An election-eve, environmental epiphany

It was almost to be expected, therefore, that a government that has grossly neglected the state of Malta’s natural environment, would attempt to make atones for that shortcoming in the weeks before a popular vote

Traditionally, elections have always been a time for public conversions on the road to Damascus. It is only when facing an imminent electoral judgment, that Maltese prime ministers tend to suddenly realise – like Shakespeare’s King Lear – that they “have taken too little care of this”.

It was almost to be expected, therefore, that a government that has grossly neglected the state of Malta’s natural environment, would attempt to make atones for that shortcoming in the weeks before a popular vote.  It was predictable, too, that the atonement would take the form of a “the biggest project of open public space in an entire generation”… in an as-yet unnamed location.

Indeed, this promise is strongly reminiscent of former Prime Minister Lawrence Gonzi’s similar ‘environment epiphany’ in 2007: when he dropped plans for a golf course to announce a national park in Xaghra l-Hamra: a year after his government had infuriated environmentalists by extending building zones and increasing heights in village cores. It was also a clear reaction to rising discontent among a category of pale blue voters who, back in 2004, had voted for Arnold Cassola in the first MEP elections.

The electoral script has changed little since then.

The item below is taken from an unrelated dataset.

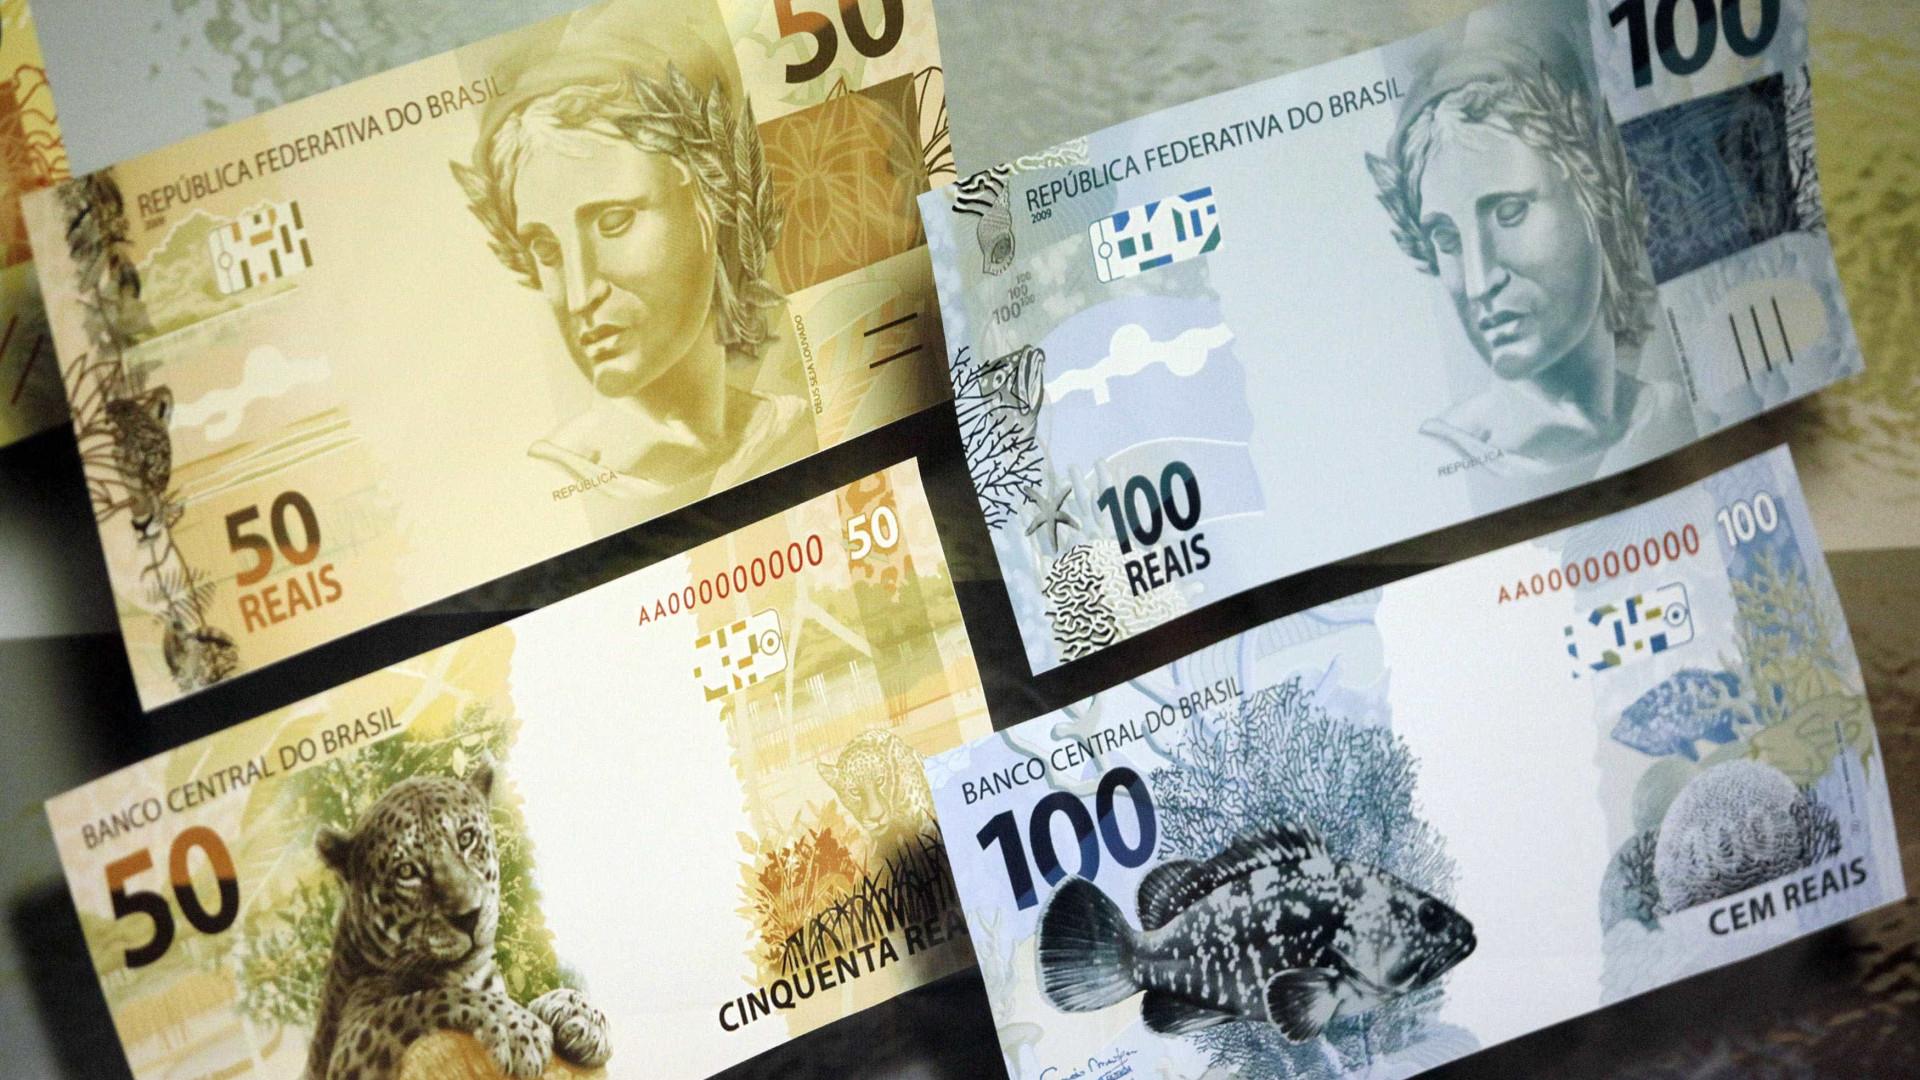 Diretor do BNDES confirma acordo para devolver R$ 50 bi ao Tesouro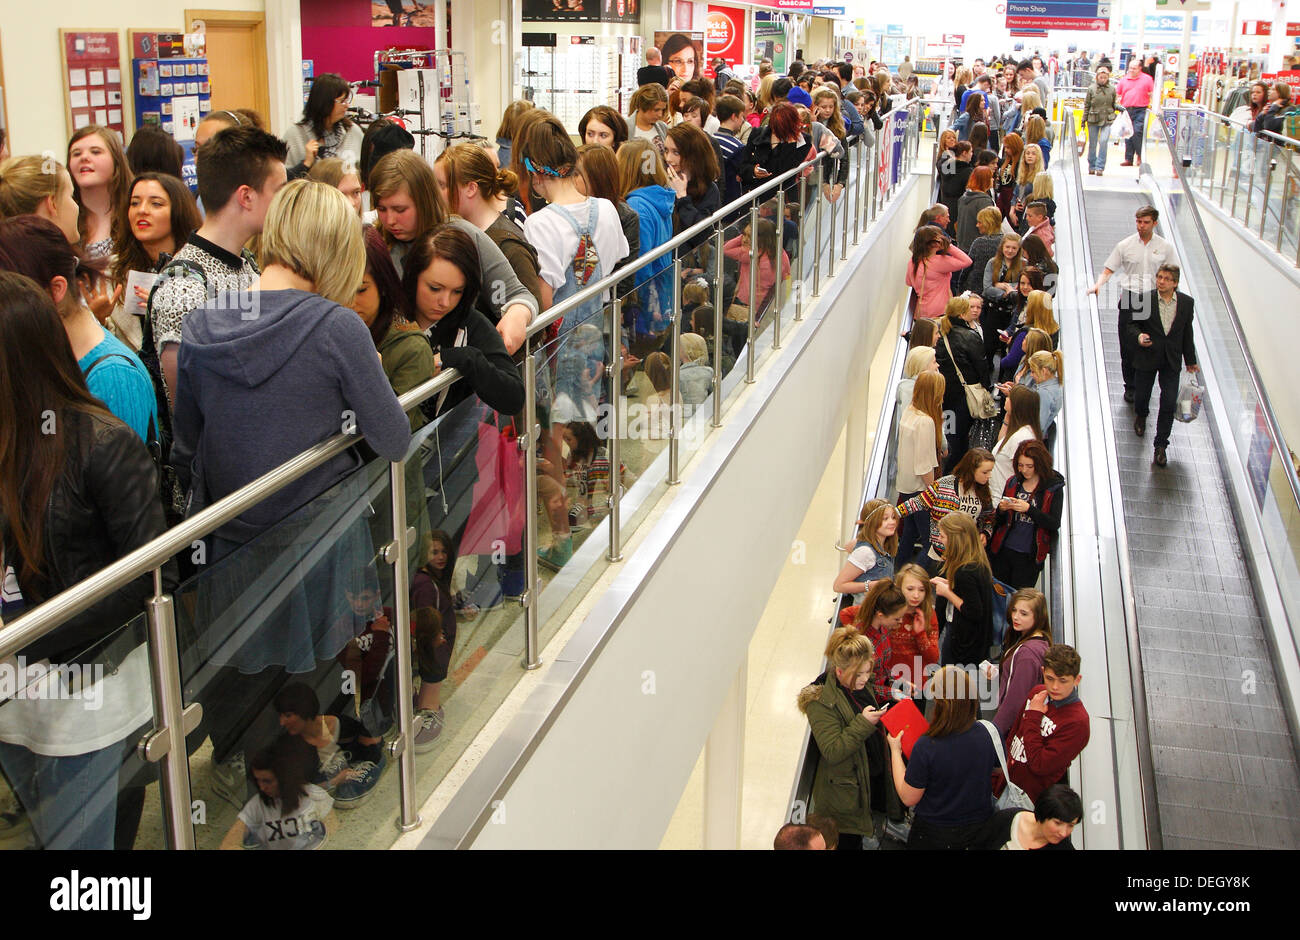 File d'attente des fans de rencontrer la télé-réalité star Joey Essex dans un supermarché Tesco au cours de sa tournée de promotion, produit cheveux UK Banque D'Images

Prime Minister Muscat knows that many of those disgruntled Nationalists had rallied to his ‘progressive, moderate’ theme in 2013. Already disillusioned by Panamagate, some may now be ruing their change of allegiance for the same reasons as they had turned their back on Gonzi six years ago.

These may well constitute a pale red constituency which may start asserting itself in mid-term elections, fully knowing that Labour is riding so high in the polls that they can afford to register their protest vote. Added to these there could be more traditional Labour voters who resent their party’s transformation into a pro-business party.

Joseph Muscat’s focus on environmental issues, in his address to the party’s general conference on Sunday, suggests that Labour strategists have started to recognise the risk posed by a groundswell of discontentment on environmental issues. This suggests that despite polling high, the party is not taking voters for granted in elections where they won’t be voting to choose the country’s government.

Nonetheless, Muscat’s speech indicates that his green conversion is at best skin deep, and at worse an exercise in deception. By framing environmental problems as merely a “consequence of progress” – and not the starting point for a radical ecological conversion which redefines our idea of ‘progress’ – it is clear that big business remains firmly fixed at the epicentre of his government’s policy attention.

It is a mind-frame whereby environmental problems can be solved by dishing out funds for a major recreational project, rather than changing policy direction.  But Muscat seems to be forgetting that most of our land use problems stem from the fact that policies have been tailor-made around the needs of big business, with the local community being seen as a mere afterthought.

This was clearly the case with the fuel station policy crafted in 2015, which was so badly skewed to favour a few developers, that the government itself is now ditching it. The question now is: how many more fuel stations will be approved, until a new one replaces the policy?

Yet the same attitude has underpinned the government’s attitude to construction and planning throughout. Elected in 2013 on a platform which promised social impact assessments on major economic decisions, Muscat’s government has constantly failed to assess the impact of its planning policies: like the metric conversion of the height of floors in local plans, which led to an onslaught of demolition works.

The endless redevelopment brought about by a combination of the 2006 local plans and Labour’s tinkering has also come at a direct social cost. For example, elderly people are spending the few years left of their lives buried in construction sites, and in terror of a repetition of a third-party collapse, as happened in Gwardamangia. People with pushchairs cannot even pass comfortably on pavements without inhaling cigarette smoke from diners accommodated on road-side platforms. No amount of economic growth will ever compensate for this loss of serenity in daily life.

To be really meaningful, even the creation of such an open recreational space should at least involve a transfer of presently developable land back to the community: for example, re-appropriating land already earmarked for development, like the Jerma or Manoel Island (possibly putting IIP money to good use)… or by putting an end to discussions on privatising the White Rocks site, and immediately restoring it back to the public as a park.  

On the plus side, the very fact that Muscat is now belatedly seeking to address the consequences of his own policies, suggests that he is mildly concerned. But there is more at stake than Labour’s success in yet another election.

Unless there is a serious, urgent revision of government’s environmentalist policies – which offers long-term solutions, rather than short-term fixes – Joseph Muscat risks going down in history as part of the cause of Malta’s environmental degradation. A token “project of open public space” will surely be welcomed; but such tokenism, no matter how big, cannot compensate for the damage done today.